→ **Work to be completed**
What is needed is an exact reproduction of the listing, without its pictures.

→ **Given information**

▽

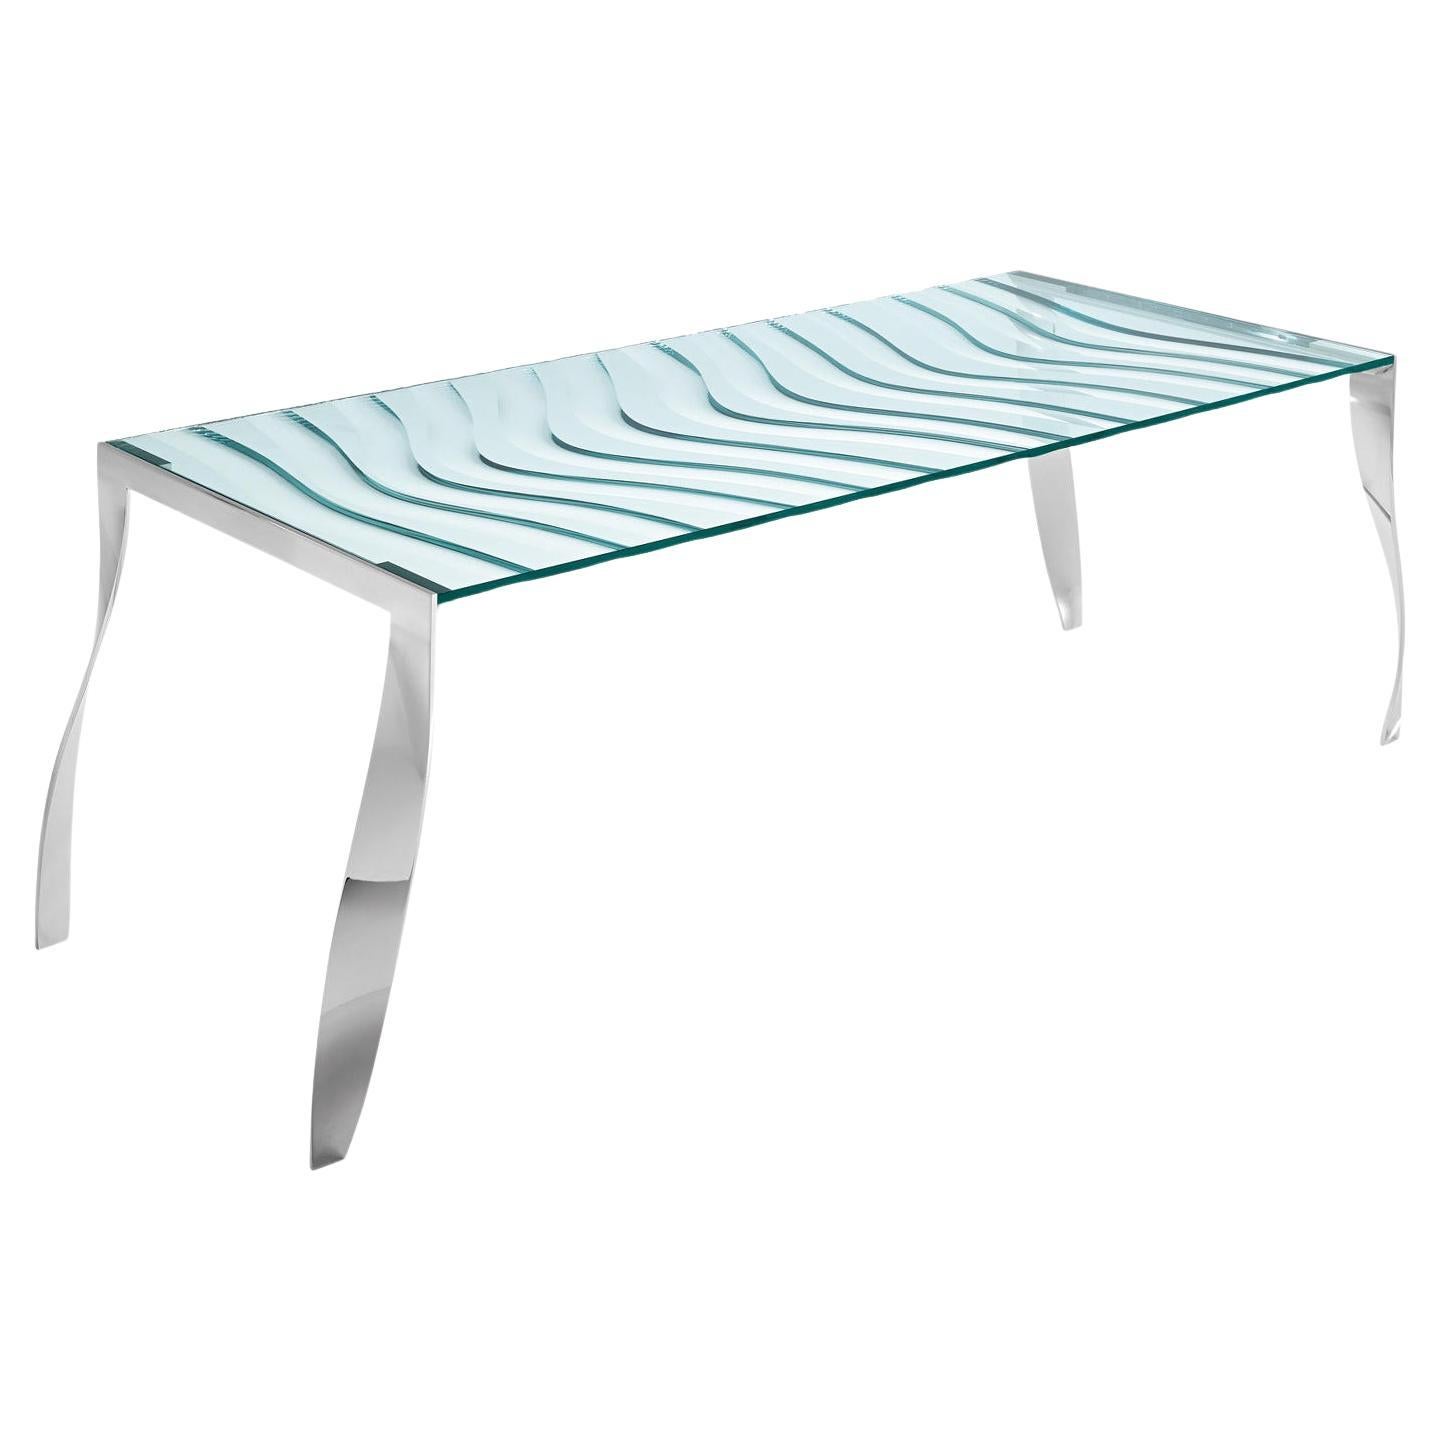 Ondulate Glass Dining Table For Sale
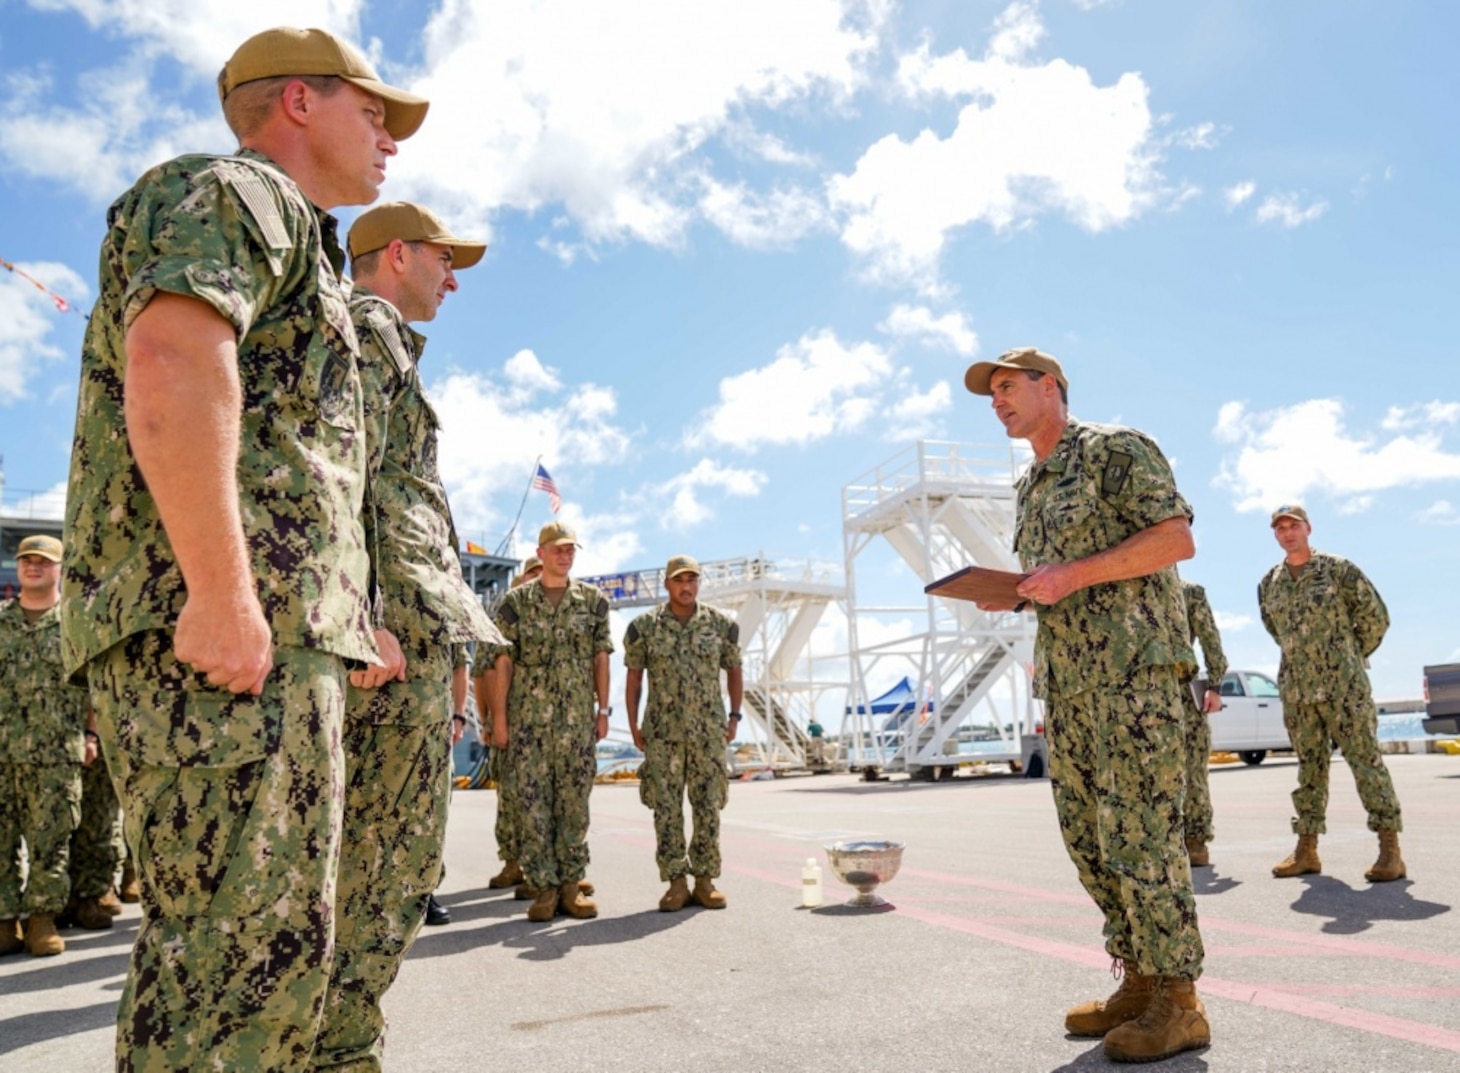 SANTA RITA, Guam (Feb. 7, 2020) Rear Adm. Blake Converse, Commander of Submarine Force, U.S. Pacific Fleet, presents the Battle “E” Award to Cmdr. Steven Lawrence, commanding officer of the Los Angeles-class fast attack submarine USS Oklahoma City (SSN 723), and his crew on the pier at Apra Harbor, Guam. Oklahoma City is one of four forward-deployed submarines assigned to Commander, Submarine Squadron Fifteen out of Apra Harbor, Guam.
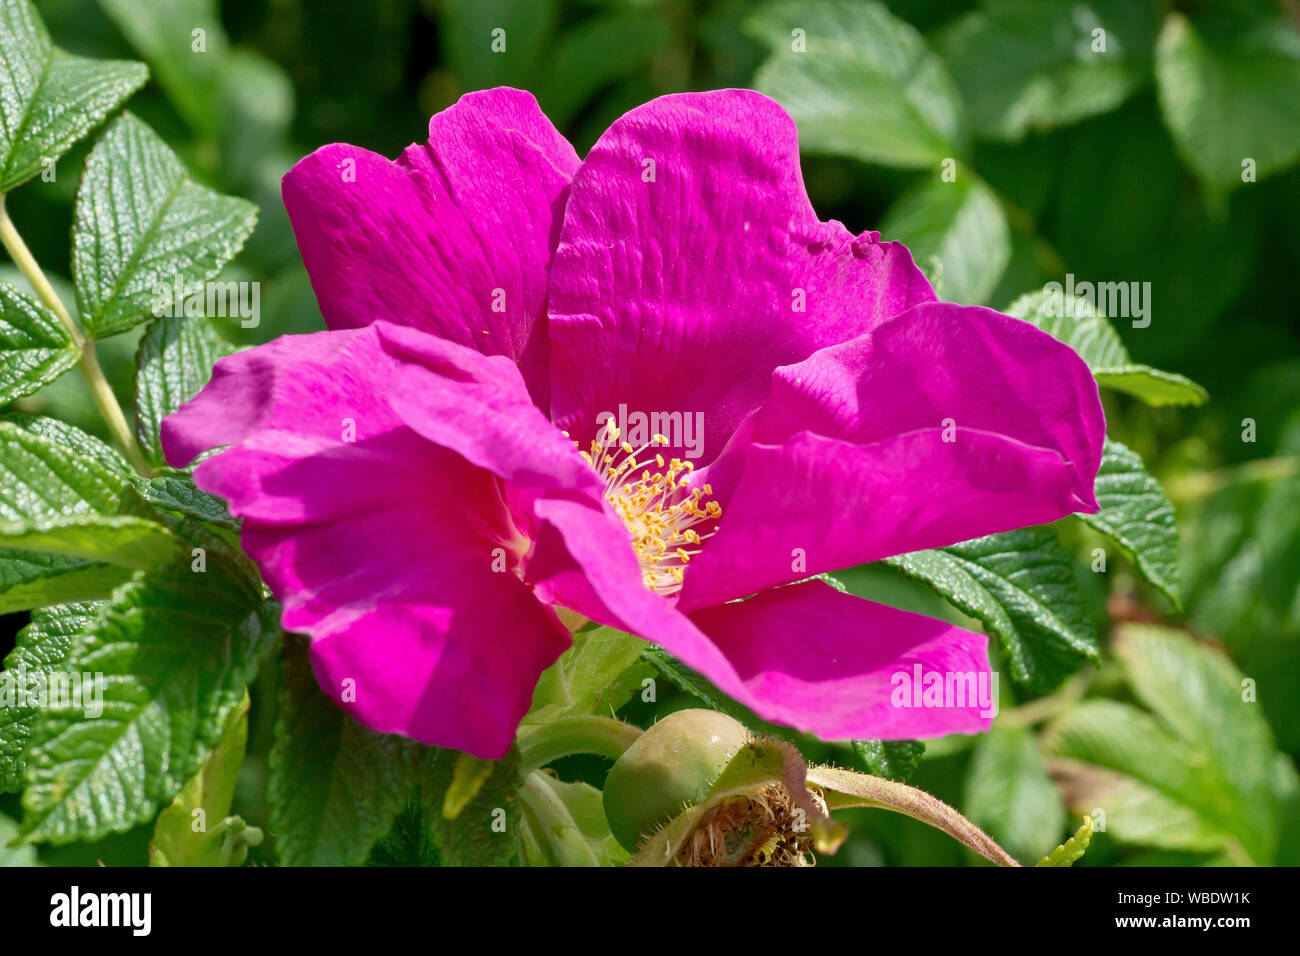 Wild Rose (rosa rugosa rubra), close up showing the flower and a developing rose hip or seed pod. Stock Photo
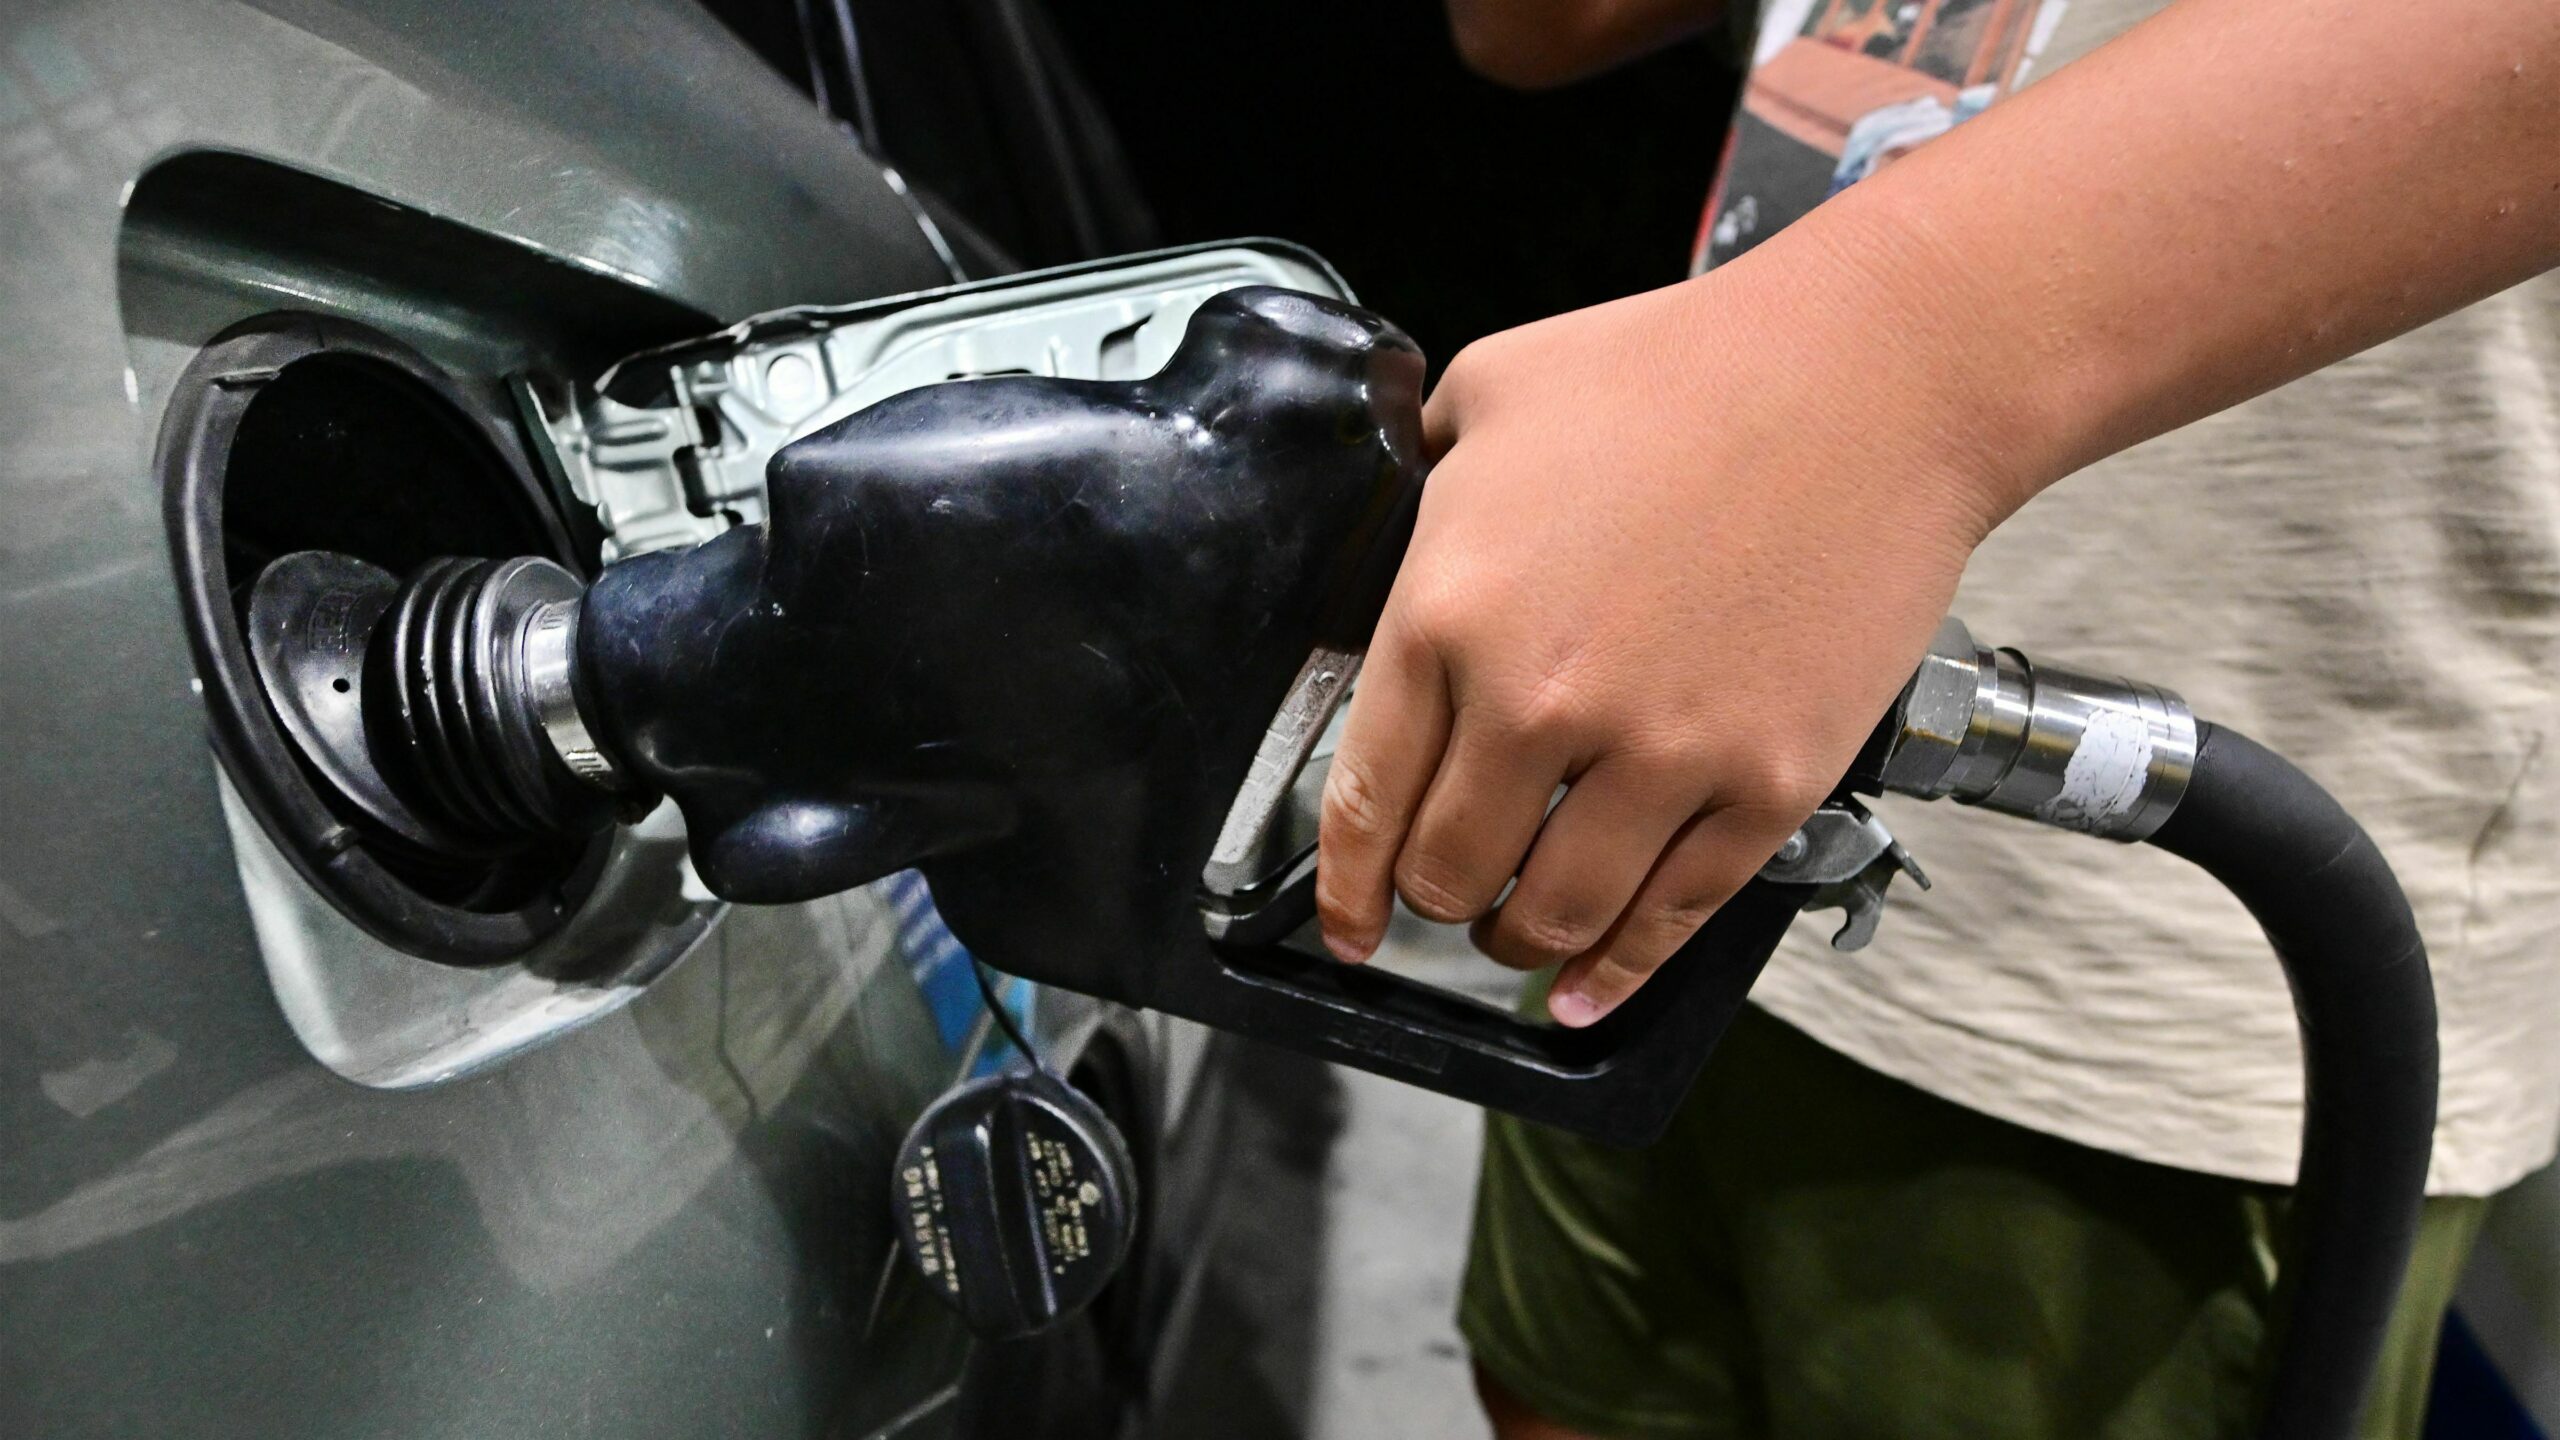 Inflation continues to moderate thanks to a big drop in gas prices

△

→ **Solution**
 Ondulate Glass Dining Table For Sale
 SANTA RITA, Guam (Feb. 7, 2020) Rear Adm. Blake Converse, Commander of Submarine Force, U.S. Pacific Fleet, presents the Battle “E” Award to Cmdr. Steven Lawrence, commanding officer of the Los Angeles-class fast attack submarine USS Oklahoma City (SSN 723), and his crew on the pier at Apra Harbor, Guam. Oklahoma City is one of four forward-deployed submarines assigned to Commander, Submarine Squadron Fifteen out of Apra Harbor, Guam.
 Wild Rose (rosa rugosa rubra), close up showing the flower and a developing rose hip or seed pod. Stock Photo
 Inflation continues to moderate thanks to a big drop in gas prices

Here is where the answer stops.